(Extracted records)
┌──

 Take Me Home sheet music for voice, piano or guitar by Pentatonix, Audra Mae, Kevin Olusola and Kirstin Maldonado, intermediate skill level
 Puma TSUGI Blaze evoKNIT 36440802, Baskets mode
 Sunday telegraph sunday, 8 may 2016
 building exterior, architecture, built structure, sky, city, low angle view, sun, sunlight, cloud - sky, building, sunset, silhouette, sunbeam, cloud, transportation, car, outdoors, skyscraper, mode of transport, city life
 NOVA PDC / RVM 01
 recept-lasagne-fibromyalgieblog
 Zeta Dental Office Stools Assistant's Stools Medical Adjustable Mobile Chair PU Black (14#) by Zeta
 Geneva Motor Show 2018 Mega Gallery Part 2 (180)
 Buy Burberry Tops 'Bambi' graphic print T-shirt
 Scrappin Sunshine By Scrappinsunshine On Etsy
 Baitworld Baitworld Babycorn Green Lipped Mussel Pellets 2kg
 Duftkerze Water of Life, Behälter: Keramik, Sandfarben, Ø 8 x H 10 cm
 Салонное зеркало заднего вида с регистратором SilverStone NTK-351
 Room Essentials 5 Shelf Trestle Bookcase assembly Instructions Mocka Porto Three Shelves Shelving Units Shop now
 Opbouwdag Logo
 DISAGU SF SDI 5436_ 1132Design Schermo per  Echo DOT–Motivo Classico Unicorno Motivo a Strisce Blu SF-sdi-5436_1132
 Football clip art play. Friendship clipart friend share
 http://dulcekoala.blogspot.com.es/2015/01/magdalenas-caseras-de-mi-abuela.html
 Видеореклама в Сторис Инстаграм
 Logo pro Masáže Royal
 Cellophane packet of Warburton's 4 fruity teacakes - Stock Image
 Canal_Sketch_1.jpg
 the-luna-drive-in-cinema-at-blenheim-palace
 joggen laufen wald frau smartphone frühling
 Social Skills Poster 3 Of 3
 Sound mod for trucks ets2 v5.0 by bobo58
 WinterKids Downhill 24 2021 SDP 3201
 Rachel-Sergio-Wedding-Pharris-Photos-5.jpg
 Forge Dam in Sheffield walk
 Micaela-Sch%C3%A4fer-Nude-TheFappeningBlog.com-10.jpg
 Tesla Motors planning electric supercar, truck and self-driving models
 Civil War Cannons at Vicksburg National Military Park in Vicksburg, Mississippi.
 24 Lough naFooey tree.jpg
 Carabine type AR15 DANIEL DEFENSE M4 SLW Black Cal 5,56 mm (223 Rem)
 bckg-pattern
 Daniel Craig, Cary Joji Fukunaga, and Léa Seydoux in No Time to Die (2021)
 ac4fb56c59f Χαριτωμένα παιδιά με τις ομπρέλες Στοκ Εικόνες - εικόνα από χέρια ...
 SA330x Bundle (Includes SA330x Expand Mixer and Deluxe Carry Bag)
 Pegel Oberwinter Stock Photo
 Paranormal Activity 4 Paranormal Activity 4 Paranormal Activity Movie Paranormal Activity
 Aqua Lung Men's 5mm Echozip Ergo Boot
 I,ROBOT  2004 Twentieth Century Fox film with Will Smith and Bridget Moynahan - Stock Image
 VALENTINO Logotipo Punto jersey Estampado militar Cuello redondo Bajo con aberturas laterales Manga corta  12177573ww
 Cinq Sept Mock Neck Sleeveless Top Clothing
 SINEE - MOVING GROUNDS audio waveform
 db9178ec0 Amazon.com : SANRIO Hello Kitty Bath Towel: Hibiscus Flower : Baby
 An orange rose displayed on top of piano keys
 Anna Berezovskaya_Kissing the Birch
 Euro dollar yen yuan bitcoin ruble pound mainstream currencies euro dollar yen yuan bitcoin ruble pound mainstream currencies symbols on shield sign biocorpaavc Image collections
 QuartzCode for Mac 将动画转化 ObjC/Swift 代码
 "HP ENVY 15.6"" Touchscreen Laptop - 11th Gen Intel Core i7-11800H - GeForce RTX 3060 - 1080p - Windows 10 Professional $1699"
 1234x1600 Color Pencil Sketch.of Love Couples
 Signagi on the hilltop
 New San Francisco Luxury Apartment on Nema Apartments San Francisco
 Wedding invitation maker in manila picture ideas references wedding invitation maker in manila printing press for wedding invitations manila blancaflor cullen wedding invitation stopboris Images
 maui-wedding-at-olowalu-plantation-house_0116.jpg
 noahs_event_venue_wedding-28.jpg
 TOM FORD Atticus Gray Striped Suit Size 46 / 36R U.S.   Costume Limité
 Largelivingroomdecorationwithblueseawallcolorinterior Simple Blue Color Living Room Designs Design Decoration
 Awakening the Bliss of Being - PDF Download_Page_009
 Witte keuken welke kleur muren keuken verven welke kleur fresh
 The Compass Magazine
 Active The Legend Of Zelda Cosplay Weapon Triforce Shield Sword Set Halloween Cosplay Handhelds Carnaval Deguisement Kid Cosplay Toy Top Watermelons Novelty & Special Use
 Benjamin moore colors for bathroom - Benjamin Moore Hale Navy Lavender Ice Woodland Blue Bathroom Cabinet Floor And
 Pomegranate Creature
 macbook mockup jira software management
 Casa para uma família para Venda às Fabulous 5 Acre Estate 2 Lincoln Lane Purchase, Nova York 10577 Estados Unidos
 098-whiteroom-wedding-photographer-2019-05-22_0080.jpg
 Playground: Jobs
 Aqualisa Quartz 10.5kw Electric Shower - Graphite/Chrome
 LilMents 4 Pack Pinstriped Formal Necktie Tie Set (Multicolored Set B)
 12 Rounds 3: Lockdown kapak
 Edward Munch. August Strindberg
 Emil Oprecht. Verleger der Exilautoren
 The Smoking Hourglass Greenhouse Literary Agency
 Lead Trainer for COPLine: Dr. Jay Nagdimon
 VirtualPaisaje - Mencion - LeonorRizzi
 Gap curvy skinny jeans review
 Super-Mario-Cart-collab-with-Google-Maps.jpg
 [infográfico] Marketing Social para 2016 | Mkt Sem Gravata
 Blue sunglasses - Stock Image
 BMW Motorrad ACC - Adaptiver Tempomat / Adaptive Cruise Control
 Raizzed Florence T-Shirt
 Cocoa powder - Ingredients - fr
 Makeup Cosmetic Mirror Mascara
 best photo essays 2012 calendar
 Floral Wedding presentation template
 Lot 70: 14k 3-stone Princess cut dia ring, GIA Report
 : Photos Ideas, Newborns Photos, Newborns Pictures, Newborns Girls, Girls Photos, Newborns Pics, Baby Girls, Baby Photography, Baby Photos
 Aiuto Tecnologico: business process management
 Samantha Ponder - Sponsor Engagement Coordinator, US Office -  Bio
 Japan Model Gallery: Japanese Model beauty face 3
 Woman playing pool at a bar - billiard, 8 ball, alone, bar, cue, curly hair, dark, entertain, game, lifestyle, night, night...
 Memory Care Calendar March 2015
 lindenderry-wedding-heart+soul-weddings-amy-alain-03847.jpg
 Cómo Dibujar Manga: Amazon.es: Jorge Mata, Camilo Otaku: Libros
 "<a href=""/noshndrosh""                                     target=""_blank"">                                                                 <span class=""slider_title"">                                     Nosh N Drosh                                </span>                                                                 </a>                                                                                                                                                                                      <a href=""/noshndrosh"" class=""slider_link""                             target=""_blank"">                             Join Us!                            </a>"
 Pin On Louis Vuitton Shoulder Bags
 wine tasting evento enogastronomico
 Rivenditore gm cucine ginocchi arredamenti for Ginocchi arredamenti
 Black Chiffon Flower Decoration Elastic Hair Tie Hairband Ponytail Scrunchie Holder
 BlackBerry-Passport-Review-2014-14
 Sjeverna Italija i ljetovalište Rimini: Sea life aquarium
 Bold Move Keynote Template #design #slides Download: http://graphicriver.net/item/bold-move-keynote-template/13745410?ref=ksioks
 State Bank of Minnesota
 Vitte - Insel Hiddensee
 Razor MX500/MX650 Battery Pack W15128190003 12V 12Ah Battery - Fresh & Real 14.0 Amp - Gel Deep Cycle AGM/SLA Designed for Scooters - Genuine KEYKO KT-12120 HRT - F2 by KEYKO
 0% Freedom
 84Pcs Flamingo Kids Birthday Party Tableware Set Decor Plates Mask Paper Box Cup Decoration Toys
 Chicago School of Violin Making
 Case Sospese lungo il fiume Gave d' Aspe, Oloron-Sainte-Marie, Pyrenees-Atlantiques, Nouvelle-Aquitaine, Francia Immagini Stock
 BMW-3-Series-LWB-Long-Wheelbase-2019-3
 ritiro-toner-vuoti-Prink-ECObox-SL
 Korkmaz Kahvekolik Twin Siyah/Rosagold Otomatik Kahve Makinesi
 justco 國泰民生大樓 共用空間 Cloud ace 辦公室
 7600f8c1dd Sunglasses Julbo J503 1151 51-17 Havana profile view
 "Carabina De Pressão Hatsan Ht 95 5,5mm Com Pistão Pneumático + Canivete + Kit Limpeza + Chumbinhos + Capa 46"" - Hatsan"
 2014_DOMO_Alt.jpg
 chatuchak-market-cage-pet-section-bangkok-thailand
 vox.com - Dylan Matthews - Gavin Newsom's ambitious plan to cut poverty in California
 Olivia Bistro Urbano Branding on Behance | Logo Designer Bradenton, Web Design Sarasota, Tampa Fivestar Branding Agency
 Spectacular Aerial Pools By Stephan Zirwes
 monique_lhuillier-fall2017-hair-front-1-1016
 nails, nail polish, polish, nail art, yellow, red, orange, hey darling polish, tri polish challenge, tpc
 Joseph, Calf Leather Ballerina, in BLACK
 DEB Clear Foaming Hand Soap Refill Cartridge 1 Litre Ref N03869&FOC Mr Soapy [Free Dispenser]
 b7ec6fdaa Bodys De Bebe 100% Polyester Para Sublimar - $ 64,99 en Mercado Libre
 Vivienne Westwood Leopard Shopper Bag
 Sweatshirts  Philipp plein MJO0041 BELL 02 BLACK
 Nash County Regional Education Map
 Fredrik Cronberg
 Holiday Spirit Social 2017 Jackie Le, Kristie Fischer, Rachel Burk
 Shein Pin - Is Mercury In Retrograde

└──

**Exercise details:** Reproduce verbatim the lines above, from the line with "Social Skills Poster 3 Of 3" through the line with "SA330x Bundle (Includes".

**Response:**
 Social Skills Poster 3 Of 3
 Sound mod for trucks ets2 v5.0 by bobo58
 WinterKids Downhill 24 2021 SDP 3201
 Rachel-Sergio-Wedding-Pharris-Photos-5.jpg
 Forge Dam in Sheffield walk
 Micaela-Sch%C3%A4fer-Nude-TheFappeningBlog.com-10.jpg
 Tesla Motors planning electric supercar, truck and self-driving models
 Civil War Cannons at Vicksburg National Military Park in Vicksburg, Mississippi.
 24 Lough naFooey tree.jpg
 Carabine type AR15 DANIEL DEFENSE M4 SLW Black Cal 5,56 mm (223 Rem)
 bckg-pattern
 Daniel Craig, Cary Joji Fukunaga, and Léa Seydoux in No Time to Die (2021)
 ac4fb56c59f Χαριτωμένα παιδιά με τις ομπρέλες Στοκ Εικόνες - εικόνα από χέρια ...
 SA330x Bundle (Includes SA330x Expand Mixer and Deluxe Carry Bag)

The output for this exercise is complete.